BOCA RATON — More public parking will be needed in Boca Raton as the bustling downtown grows, a city study found.
Between 100 and 350 parking places in the central portion of the downtown, near Mizner Park and Royal Palm Place plazas, will be needed in the next two decades based on parking trends, according to Kimley-Horn and Associates, a consulting firm hired by the city. The firm presented the study to city officials Monday.
The firm took a sampling of mid-day and evening parking at the city’s 1,275 public spots in March and April. Only 70 percent of overall parking spots were used during peak hours, but areas such as Mizner Park saw much higher utilization, said Chris Heggen of Kimley-Horn.

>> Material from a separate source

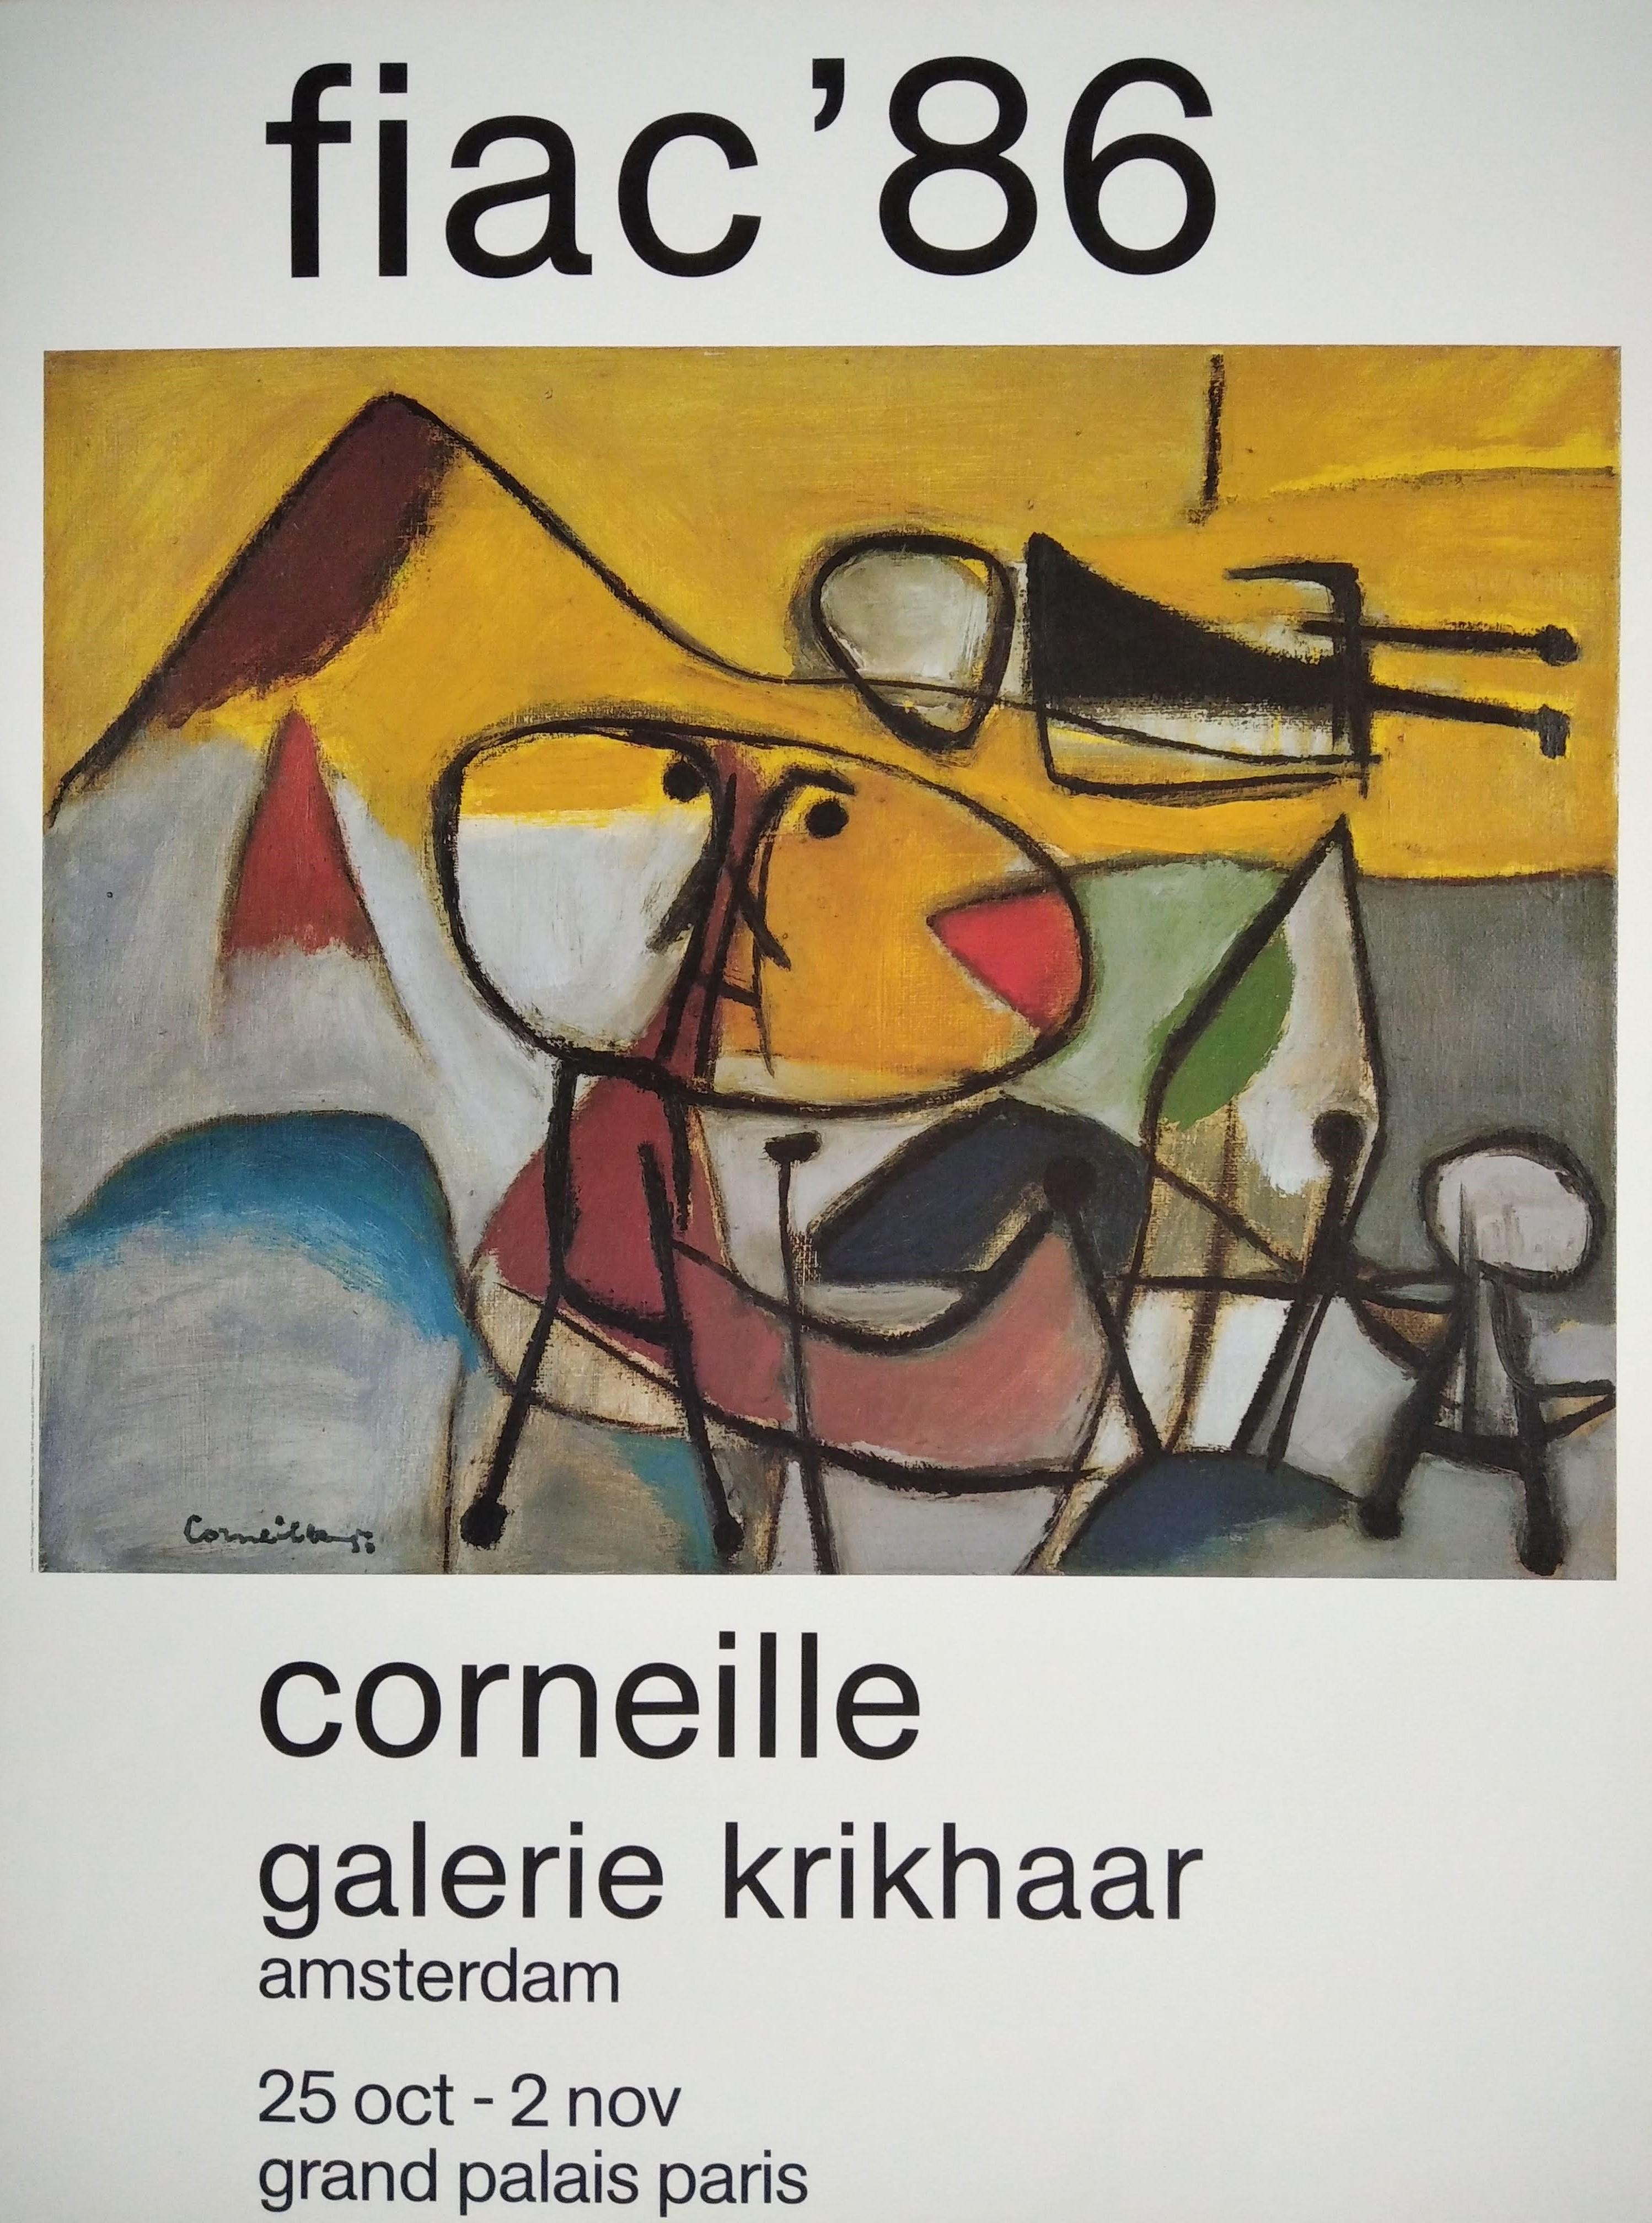 Fiac '86 - Print by Corneille

That 70 percent usage “means there is enough parking supply overall in the downtown to meet the demand that is occurring,” Heggen said.

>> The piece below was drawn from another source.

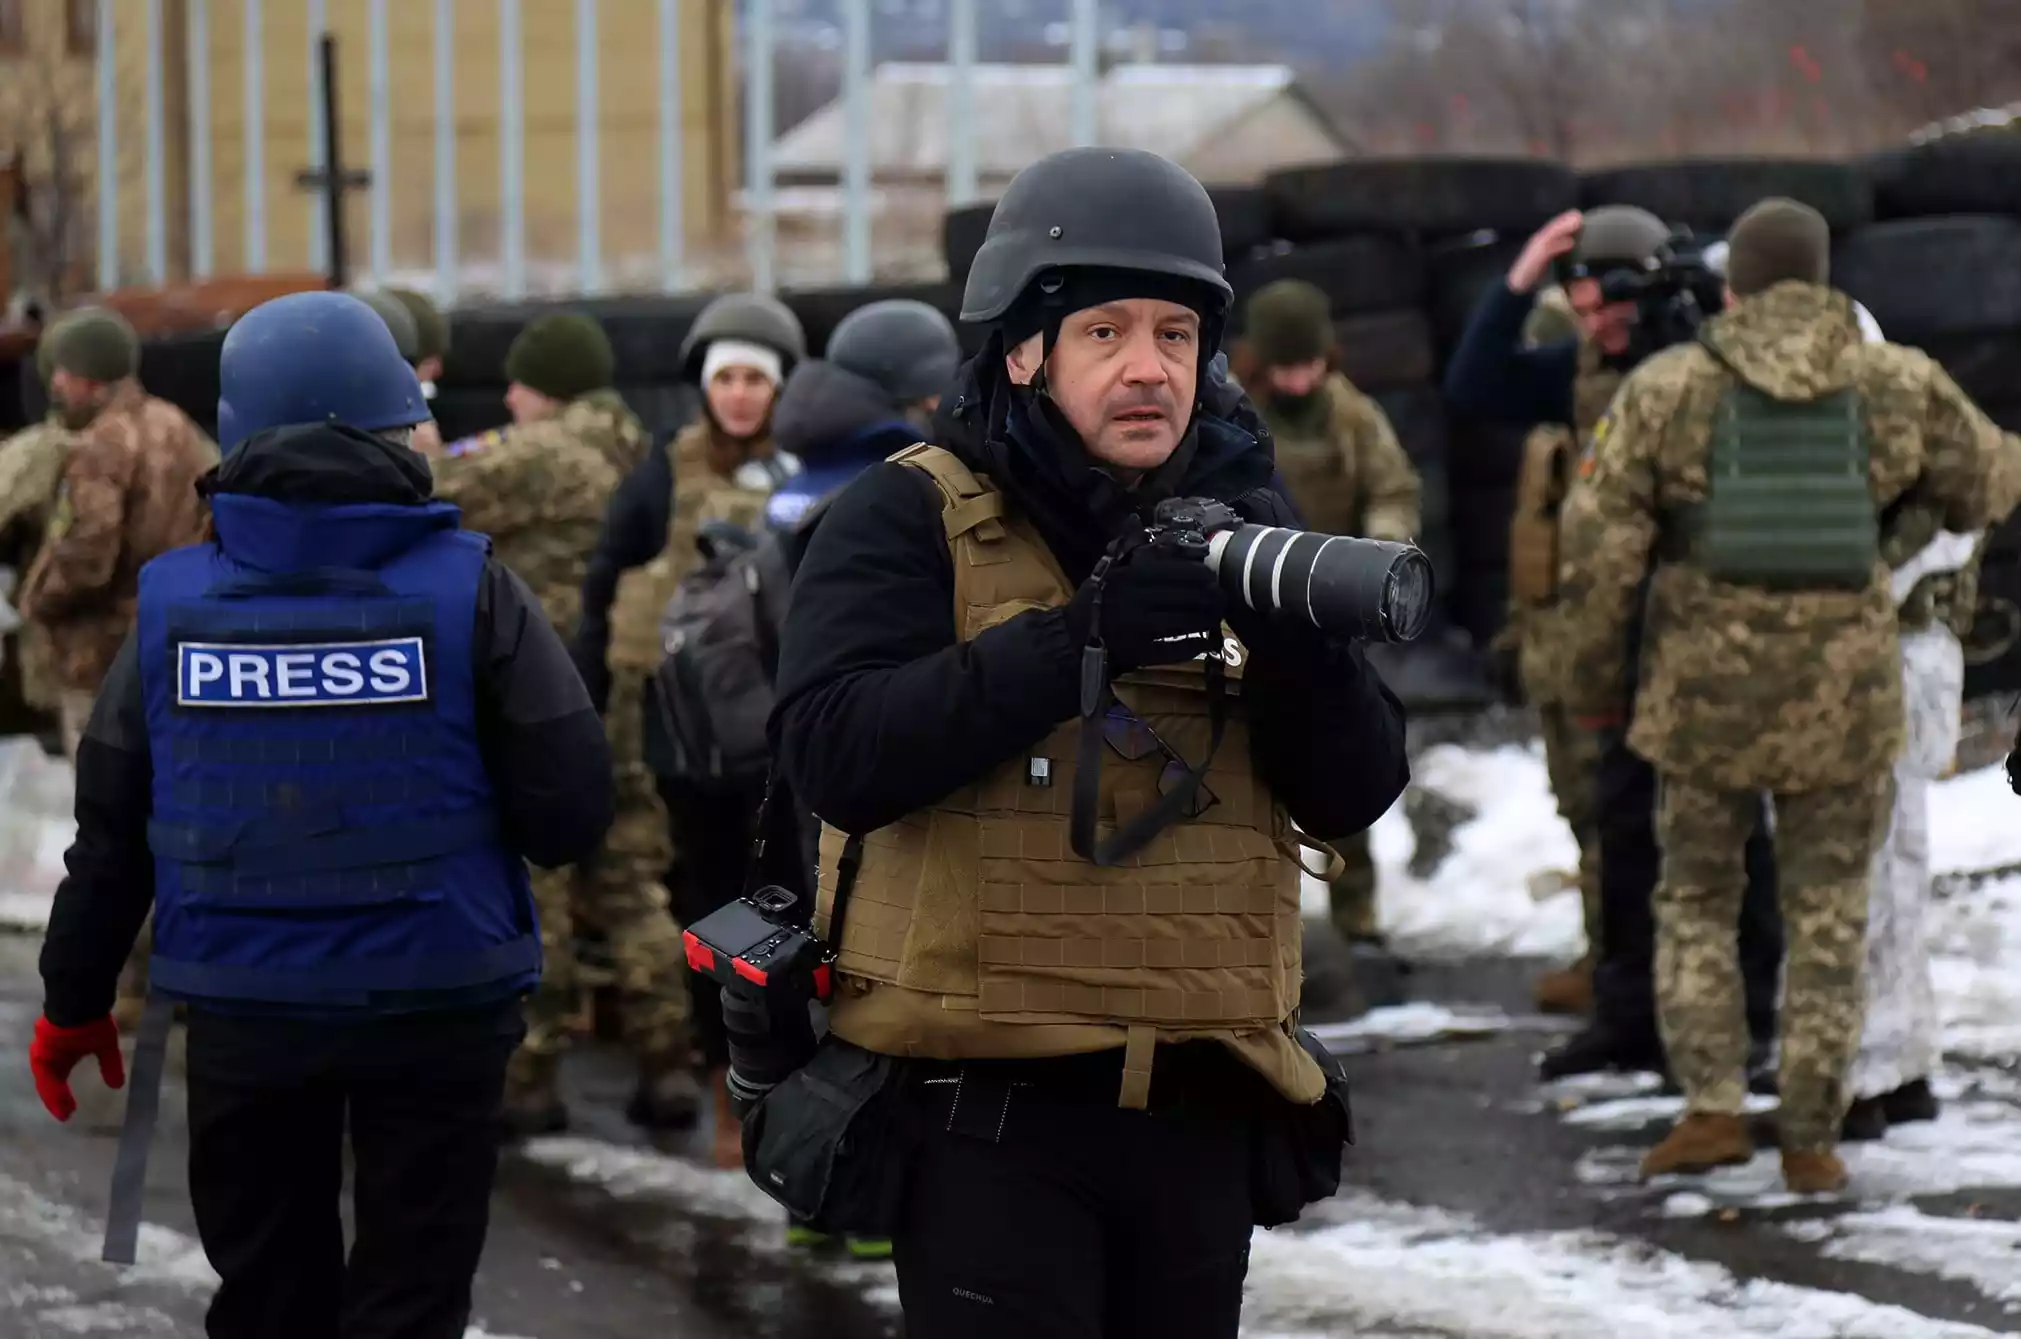 Відкритий лист до медіапрофесіоналів, які висвітлюють вторгнення Росії в Україну

But growth in southern Palm Beach County and expected development in downtown Boca Raton indicates at least 108 parking spots will be needed within the next five years. Up to 350 parking spaces will be needed by 2040, the firm found.
A few options were recommended to alleviate parking pains:
- Surface parking. The city could purchase between 2.5 and 3.5 acres of land in the central area of downtown and create a surface parking lot.

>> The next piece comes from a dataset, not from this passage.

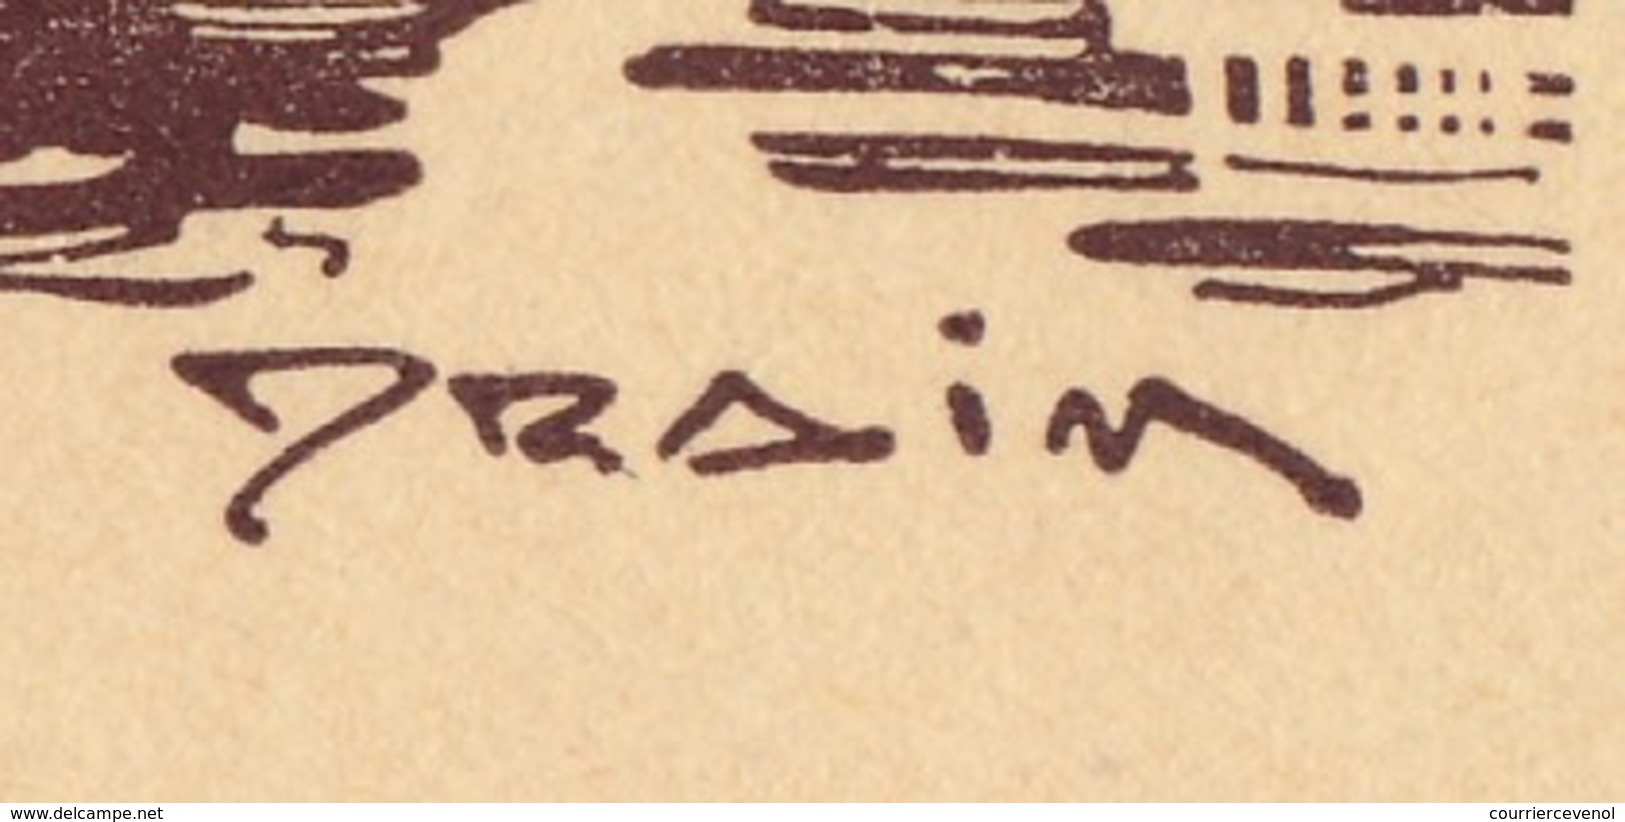 FRANCE - Carte-lettre Illustrée - Journée Du Timbre 1943 MARSEILLE - Dessin DRAIM - Affr 1,50 Bersier, Cachet Temporaire - Tag Der Briefmarke

- Parking garage. About 2 acres would be needed for a parking garage in the central portion of downtown, and it would cost the city up to $10 million. The parking garage could include meters to generate revenue, Heggen said.
- Off-site parking with a shuttle. The city could offer parking near the downtown and have a convenient shuttle transport visitors during peak hours.
- Public-private partnership. Agreements could be made with the owners of built and forthcoming developments to add public parking. Ideally, the city would partner with an office building, which would have parking available during peak evening hours.
- City government campus parking. The city has discussed building a city government campus in downtown Boca Raton. Additional public parking for visitors could be taken into consideration in planned the government campus, Heggen said.
City leaders pointed out that other areas of the downtown, such as Southeast First Avenue where two new restaurants – Louie Bossi and Frank and Dino’s – have driven up parking needs, have also added to downtown demand in recent months.
“You might as well go out and count again,” Mayor Susan Haynie said.
Another option downtown is smart meters, which may eliminate free parking in certain areas.
Pay-to-park may not be ideal in downtown Boca Raton, because some of the spots are underutilized, Heggen said.
The city will collect more data before parking proposals are brought forward.